For comparison with current tools, we also ran Capo [3] on the benchmarks. Capo has been made publicly available, along with evaluation tools and detailed benchmark information, making independent verification of results possible. Capo has been compared favorably to current commercial placement tools, producing low wire length placements that were routable in most experiments with industrial circuits.
As both Feng Shui and Capo utilize partitioners which use random seeds, we have run Feng Shui 20 times and Capo 80 times on each benchmark, reporting best, worst, and average results for each. In Feng Shui, we apply two iterations of partitioning improvement; the run time is dominated by this activity. Capo is from 3 to 4 times faster, and the additional runs allow comparable total run times, but with a greater chance of obtaining a "good" placement result. These results are shown in Table 2 ; a graphic version of the results is shown in Figure 4 .
In many benchmarks, the results of Capo and Feng Shui are similar; as they both utilize recursive bisection and strong partitioning algorithms, this is not surprising.
The performance of Feng Shui is extremely good on the largest benchmark, golem3, consistently outperforming Capo by nearly 11%. The substantial improvement obtained by Feng Shui appears to be a result of cut direction selection, and not an artifact of the underlying partitioning algorithms. Methods to optimize cut directions is part of our current work.
When comparing Feng Shui with the iterative deletion preprocessing to Feng Shui in a basic Dunlop and Kernighan configuration, some benchmarks showed greater improvement than others. This indicates a varying degree of effectiveness of the iterative deletion step. In nine of eleven benchmarks, average wire length is improved, and in eight of eleven benchmarks, best observed wire length is improved. There is reduced variation in results (we note again that the partitioning algorithms utilize random seeds, resulting in different placements with each run). In most cases, consideration of the global aspect of the placement problem resulted in improvements in the best, average, and worst case results.
While improvements in general were modest, we make the following observations. A very simple and efficient method, iterative deletion, can provide a few percent improvement with negligible impact on run time. From this, we assert that we can obtain a modest improvement "for free," and suspect that improvements in direct k-way partitioning will have benefit for circuit placement.
CONCLUSION
In this paper, we have presented an optimization approach which allows the consideration of global objectives from within a traditional top-down placement framework.

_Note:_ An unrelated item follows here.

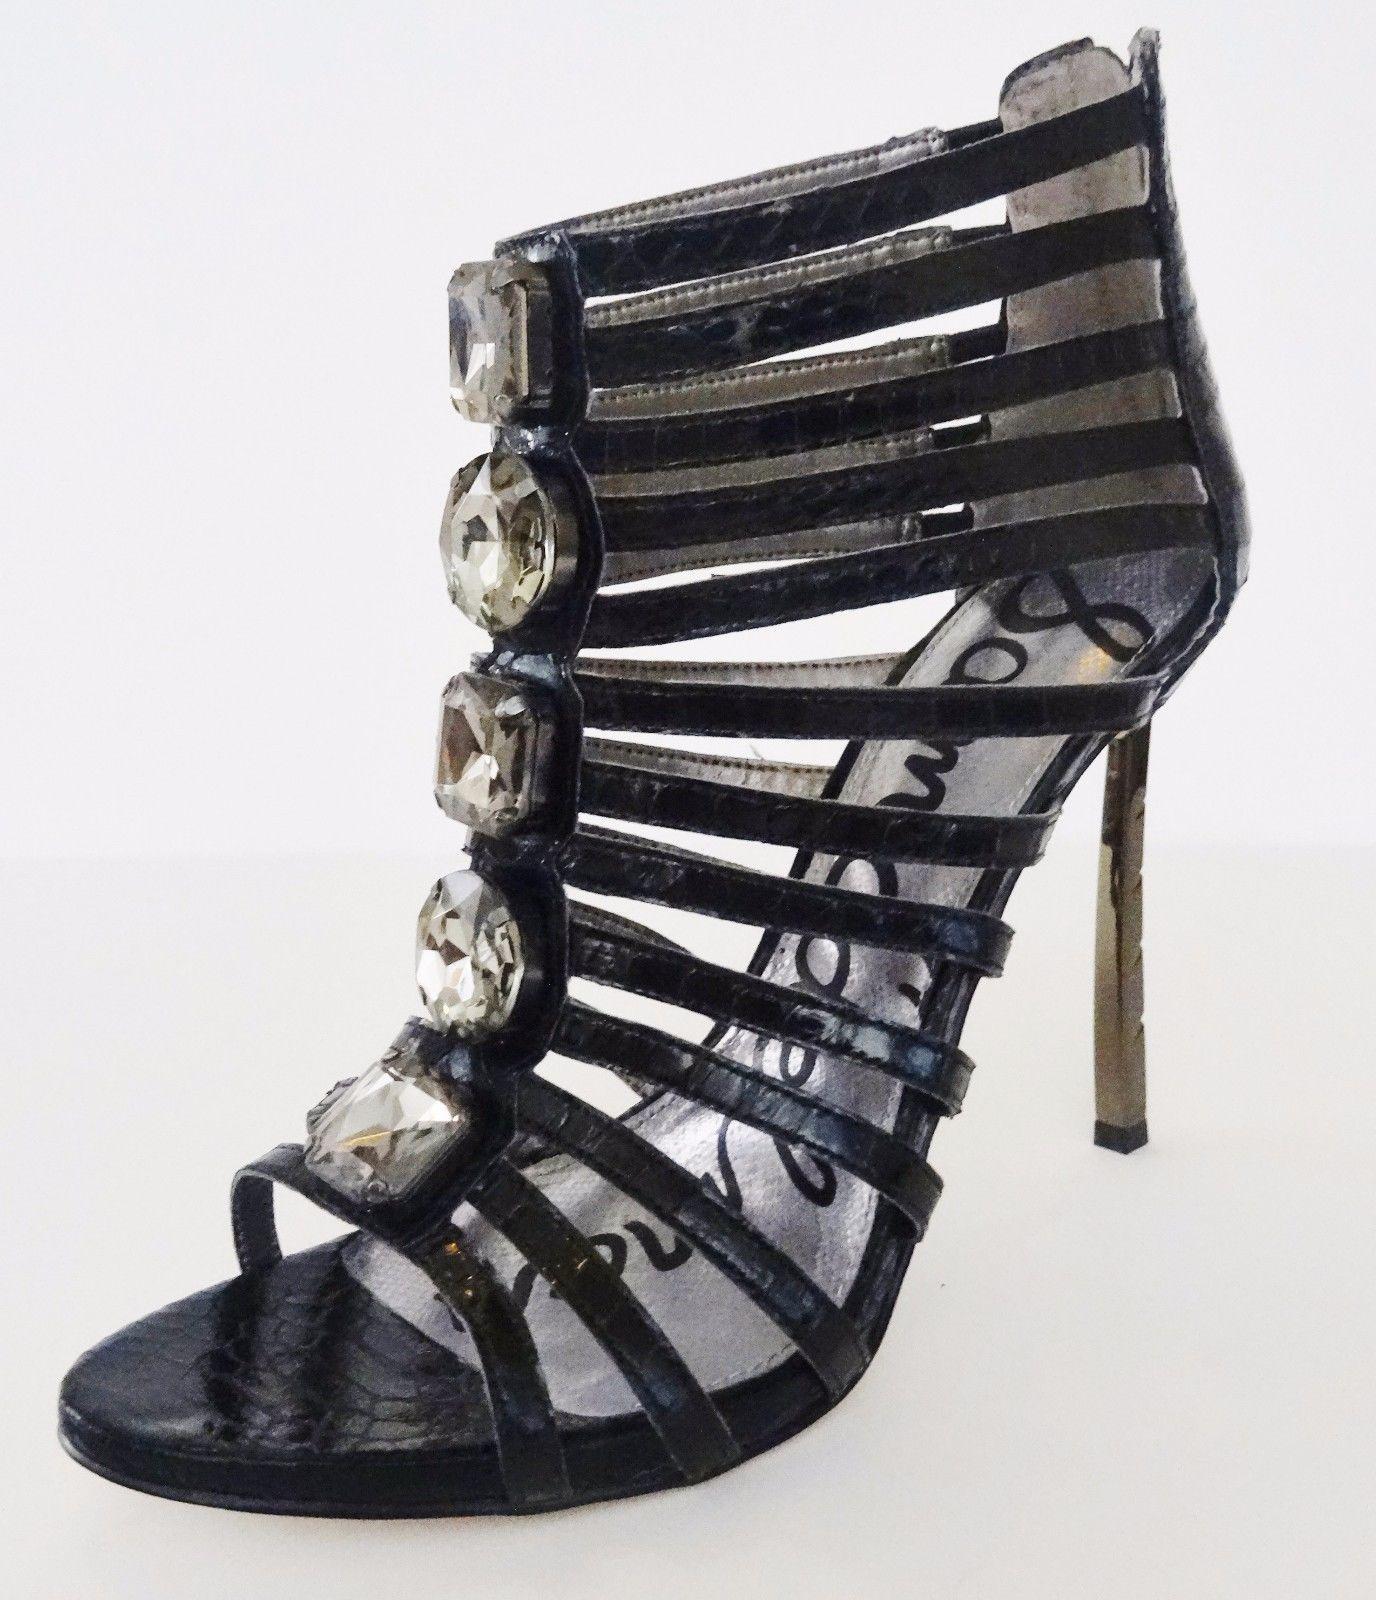 868f6517dba42 NIB Sam Edelman Hampton Ankle Caged Sandal and 33 similar items. S l1600

Global optimization is extremely difficult; while the conditions under which iterated bisections can obtain stable and suboptimal configurations are clear, it was unknown if this would occur in practice, or if it would be at all common. With a relatively simple approach, some improvement has been obtained, indicating that not only do these configurations occur, but that we can address them through a global approach. While the average improvement is relatively small, these gains cannot be obtained through local optimization alone. We expect that greater improvements are possible, and are investigating methods to obtain improved direct k-way partitions.
Timing driven placement is a significant concern for modern design. We are currently working with an industry research group to evaluate the performance of our approach on large designs under realistic delay rules. We note that delay optimization is perhaps more of a global phenomena than wire length minimization: meeting timing objectives may require modifications in many areas of a placement, and reductions in delay for some nets may require increased delay in others.
We also observe that the traditional approach of Dunlop and Kernighan is quite effective when modern multi-level clustering partitioners are utilized. Wire lengths were comparable to those of a well known commercial tool, and results reported for the tool Capo indicate that placements are not necessarily difficult to route. Our implementation of Feng Shui is fast; we find solutions for the largest available benchmark circuits, using modest hardware and CPU times. The nearly linear growth in run times should allow application to extremely large industrial circuits.